2.2. Neuropsychological Test Battery

We assessed the following cognitive domains: episodic memory (Immediate and delayed recall of a 15-word list [36]; immediate and delayed prose recall; Carlesimo et al., 2002; Rey’s figure form A reproduction [37]), short-term memory (Corsi Block Tapping test. [38]; Digit Span Forward; [38]), executive functions (Modified Card Sorting test [39]), language (Naming subtest of the Aachener Aphasia test [40]), abstract reasoning (Raven’s Coloured Progressive Matrices [36]), and constructive praxis (Copy of Drawings and Copy of Drawings with Landmarks [36]). Published normative data for score adjustment according to age, education, and gender as well as normality cutoff scores (corresponding to a performance ≥95% of the lower tolerance limit of the normal population distribution) were available.

2.3. General Design

PD patients were evaluated after one month of full dosage, stable dopamine treatment. They were assessed in two experimental conditions performed on different days, with an intersession interval of about one month.

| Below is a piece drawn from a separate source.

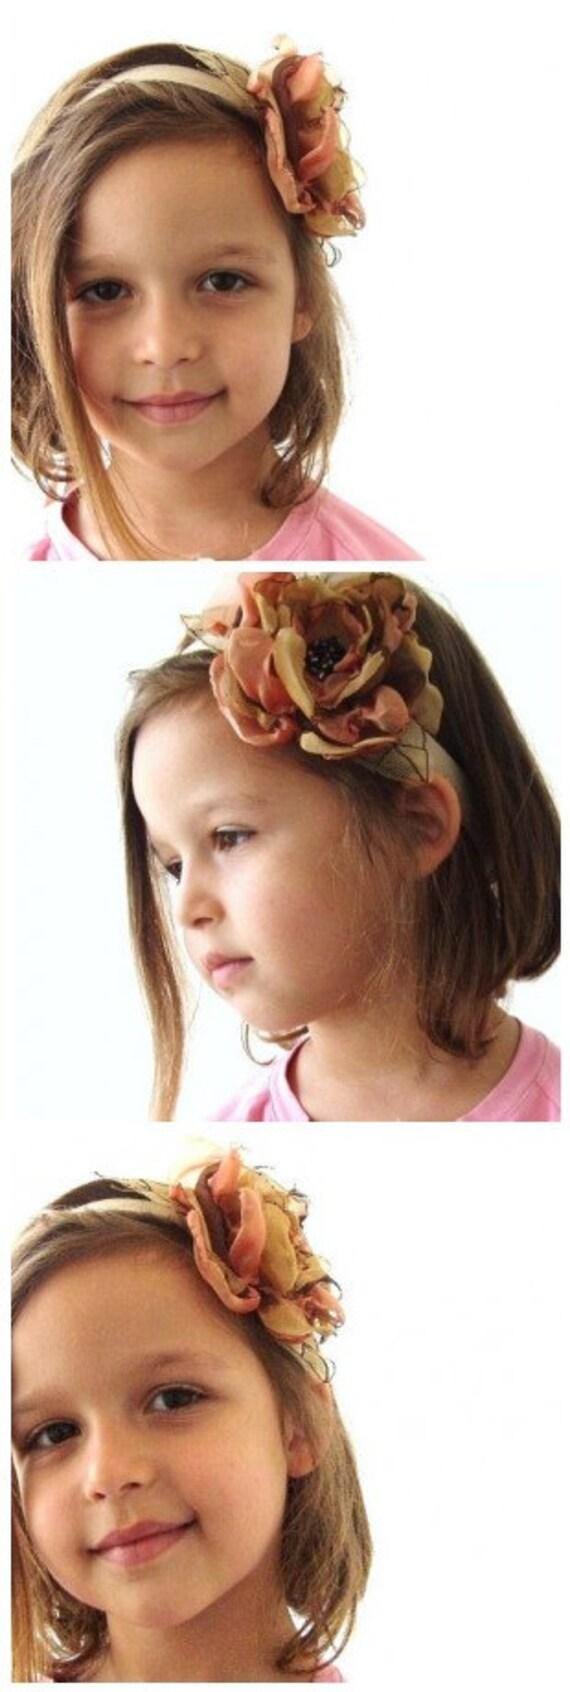 Caramel Orange Mix Organza Flower Headband Mother Daughter Hair Accessory Sash Corsage  OOAK Fall Wedding

In one condition, PD subjects performed the experimental tasks in the morning after 18/24 h of drug withdrawal (“Off” condition; CAPIT [41]). In the other condition, they were examined 90–120 minutes after the first morning administration of levodopa and/or dopamine agonists, considered as their best “on” condition. NCs performed the experimental tasks in two different sessions, with an intersession interval of about one month, called “blue” and “green.” The tests were given in the morning without taking drugs. The “blue” session was associated with the off session and the “green” one with the on session. The order of the experimental conditions (off/blue versus on/green) was randomized across subjects.

2.4. Experimental Cognitive Battery
2.4.1. Digit Span Backward

In this task [38], subjects are instructed to repeat strings of digits (varying in length from 3 to 9 digits) read by the examiner in the reversed order. The score is the longest sequence correctly reproduced (score range: 0–9). Based on performance on this task, patients and NCs were classified as low and high performers.

2.4.2. Stroop Test

The Stroop test [42] is commonly used to assess executive deficits in neurological populations [43]. It includes three subtests, each consisting of a sheet paper displaying 100 stimuli regularly aligned in ten columns and ten rows. The subject has to scrutinize the sheet paper, as quickly as possible, beginning at the left upper board and proceeding vertically down to the tenth column on the right. In the first subtest (word reading subtest), the subject has to read five colour-name words (red, blue, green, brown, and violet). In the second subtest (naming colours subtest), the subject is presented with coloured squares (i.e., above colours) and is asked to name their colours. In the third subtest, written words representing the above colours are shown in conflicting colours (e.g., the word red written with blue ink) and the subject has to name the ink colour of the printed word but not read the word (resistance to interference subtest). To evaluate performance, response times (i.e., the time needed to complete the subtest) and accuracy (i.e., sum of subject’s correct answers) are recorded for each subtest.

2.4.3. Verbal Fluency Tasks

For this test, two parallel forms were constructed and their order of administration was randomized across the two experimental therapy conditions and across subjects. Each form consists of three subtests: (i) phonemic [36], (ii) semantic [44], and (iii) alternate phonemic/semantic fluency [45, 46]. On the phonemic subtest, the subject is requested to generate words beginning with the letters “A,” “F,” and “S” (or, with the letters “C,” “E,” and “L,” on the parallel form) in three different trials, each lasting 60 seconds. In the semantic subtest, the subject is asked to say words belonging to the “colours,” “animals” and “fruits” categories (or, “threes,” “furniture,” and “cities,” in the parallel form) in three different trials, which also lasted 60 seconds each. The alternate phonemic/semantic task is an extradimensional shifting task [45, 46] in which subjects have to continuously alternate words beginning with a specific letter with words belonging to a particular category as follows: trial (1) letter “A” and “colours”; trial (2) letter “F” and “Animals”; trial (3) letter “S” and “Fruits” (letter “C” and “Threes”; letter “E” and “furniture”; letter “L” and “Cities,” in the three trials of the parallel form, resp.). Three trials were given, each lasting 60 sec. At the beginning of each fluency task, a training trial was given to be sure the subject understood the rules of the task. The number of words correctly generated within 60 sec. was recorded.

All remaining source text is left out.